EXHIBIT 10.1
FOURTH AMENDMENT
TO THE
AMENDED AND RESTATED BORROWING AGREEMENT
THIS FOURTH AMENDMENT TO THE AMENDED AND RESTATED BORROWING AGREEMENT (the
"Amendment") dated as of April 13, 1997, is between SPS TRANSACTION SERVICES,
INC. ("Borrower") and XXXX XXXXXX, DISCOVER & CO. ("Lender").
WHEREAS, Borrower and Lender are parties to an Amended and Restated Borrowing
Agreement, dated as of September 1, 1995, a First Amendment to the Amended and
Restated Borrowing Agreement, dated as of May 6, 1996, a Second Amendment to
the Amended and Restated Borrowing Agreement, dated as of September 30, 1996,
and a Third Amendment to the Amended and Restated Borrowing Agreement, dated
as of January 31, 1997 (collectively, the "Borrowing Agreement"), pursuant to
which Lender has made certain loans to the Borrower; and
WHEREAS, the Borrower and Lender desire to further amend the Borrowing
Agreement.
NOW THEREFORE, the Borrowing Agreement is amended as follows:
1. Each capitalized term used in this Amendment (and not otherwise defined
herein) shall have the same meaning as set forth in the Borrowing Agreement.
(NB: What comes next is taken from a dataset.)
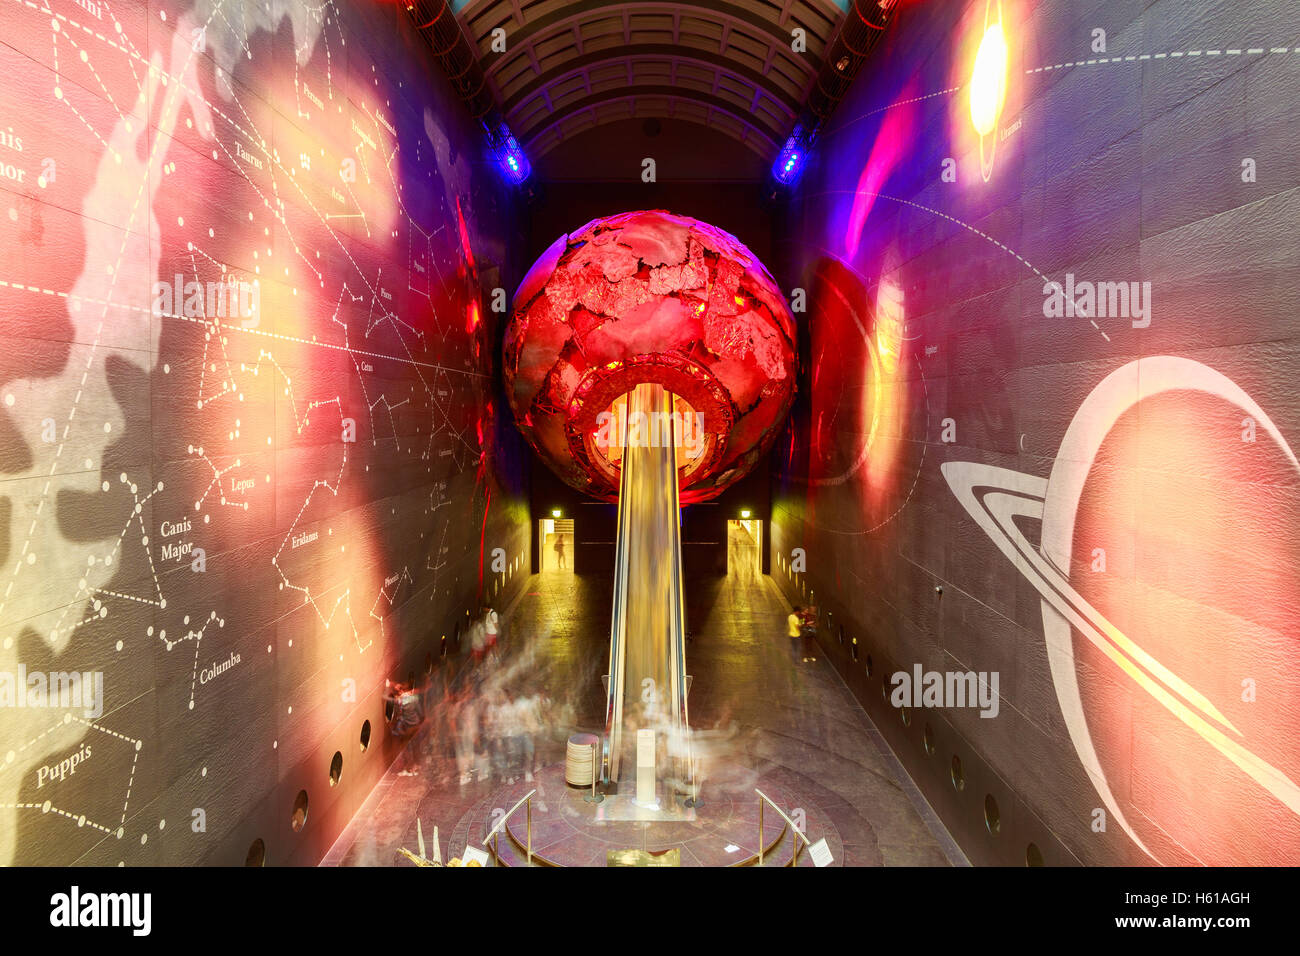 London, UK - July 28, 2016 - The entrance to the Earth Galleries in the Natural History Museum Stock Photo
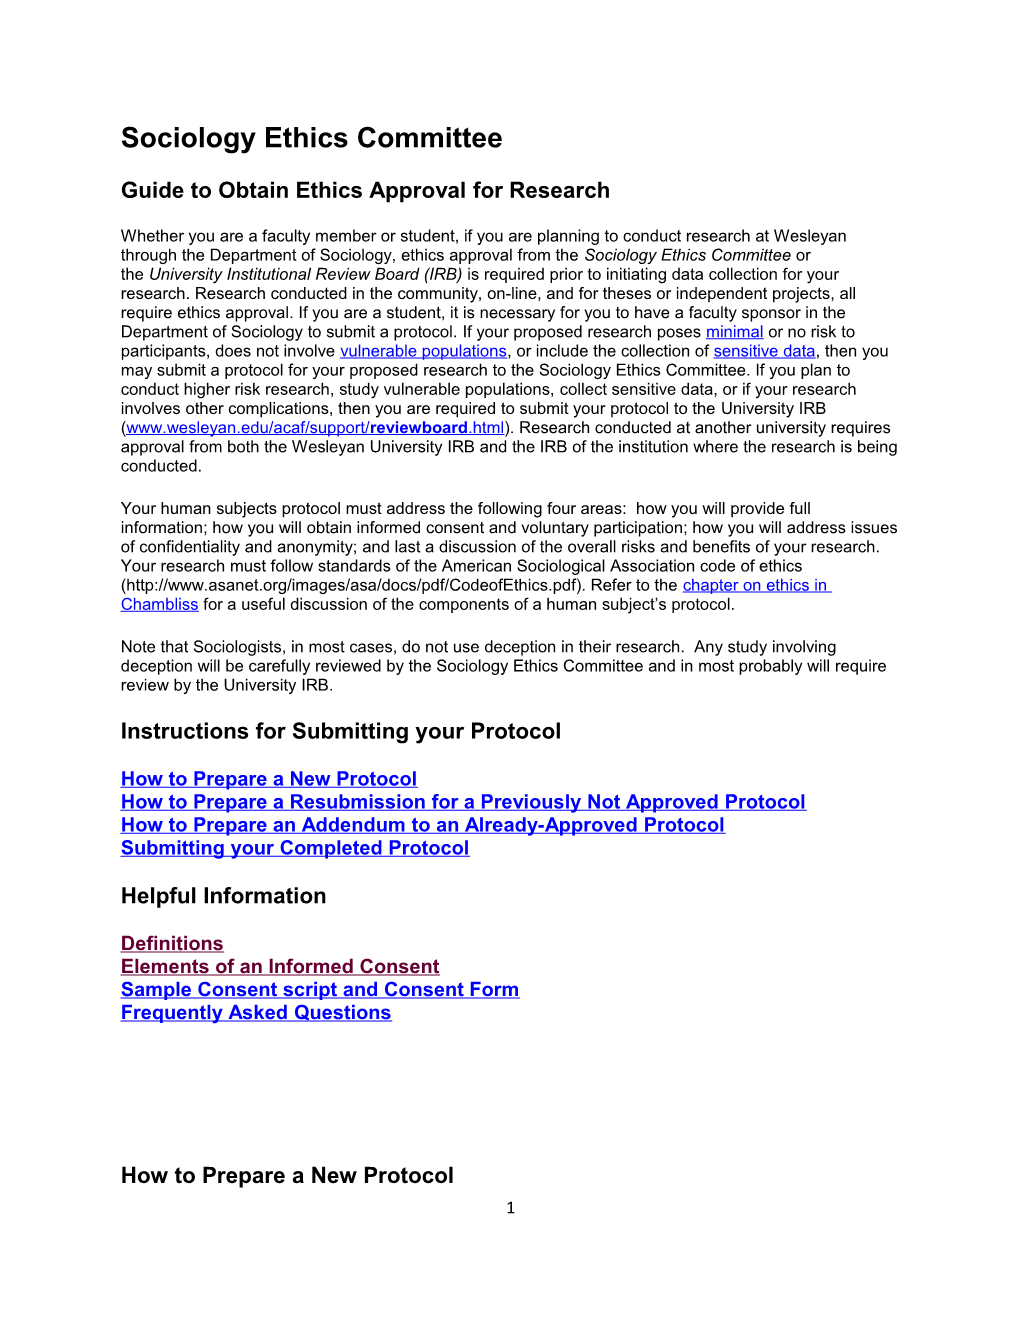 Guide to Obtain Ethics Approval for Research

2. The definition of "Commitment Termination Date" as set forth in Section
1.01 of the Borrowing Agreement is hereby amended and henceforth shall read as
follows:
"Commitment Termination Date" shall mean April 11, 1998, provided
that upon the amendment, termination, expiration or supplementation
of the Credit Agreement dated as of April 14, 1997 (the "Credit
Agreement") among Lender, the banks listed therein, the Managing
Agents referred to therein, The Chase Manhattan Bank, as
Administrative Agent and Xxxxxx Guaranty Trust Company of New York,
as Documentation Agent, Lender may, upon ten (10) days' prior
written notice to Borrower, modify the Commitment Termination Date
to be that date which is two (2) business days prior to the
expiration or termination of the Credit Agreement (as amended or
supplemented) or any revolving credit agreement entered into by
Lender to replace the Credit Agreement.
3. Section 2.01(a) of the Borrowing Agreement is hereby amended in its
entirety and henceforth shall read as follows:
(a) Revolving Loan Commitment. Subject to the terms and conditions of this
Borrowing Agreement and relying upon representations, warranties and
covenants of Borrower set forth herein, Lender shall make loans (all such
loans made pursuant to this Section 2.01(a) being referred to herein
collectively as the "Loans") to Borrower at any time and from time to time
prior to the Commitment Termination Date, in an aggregate principal amount
not exceeding at any one time outstanding $1,200,000,000 (the
"Commitment"). Prior to the Commitment Termination Date, Lender shall have
no obligation to make advances to the extent any requested advance would
cause the principal amount outstanding under the Revolving Notes to exceed
the Commitment, provided, that Lender may elect (but shall not be
obligated) from time to time to make advances in excess of the Commitment.
4. Except as provided herein, the terms and conditions of the Borrowing
Agreement shall remain in full force and effect.
IN WITNESS WHEREOF, the parties have caused this Amendment to be duly
executed as of the date first written above.
SPS TRANSACTION SERVICES, INC. XXXX XXXXXX, DISCOVER & CO.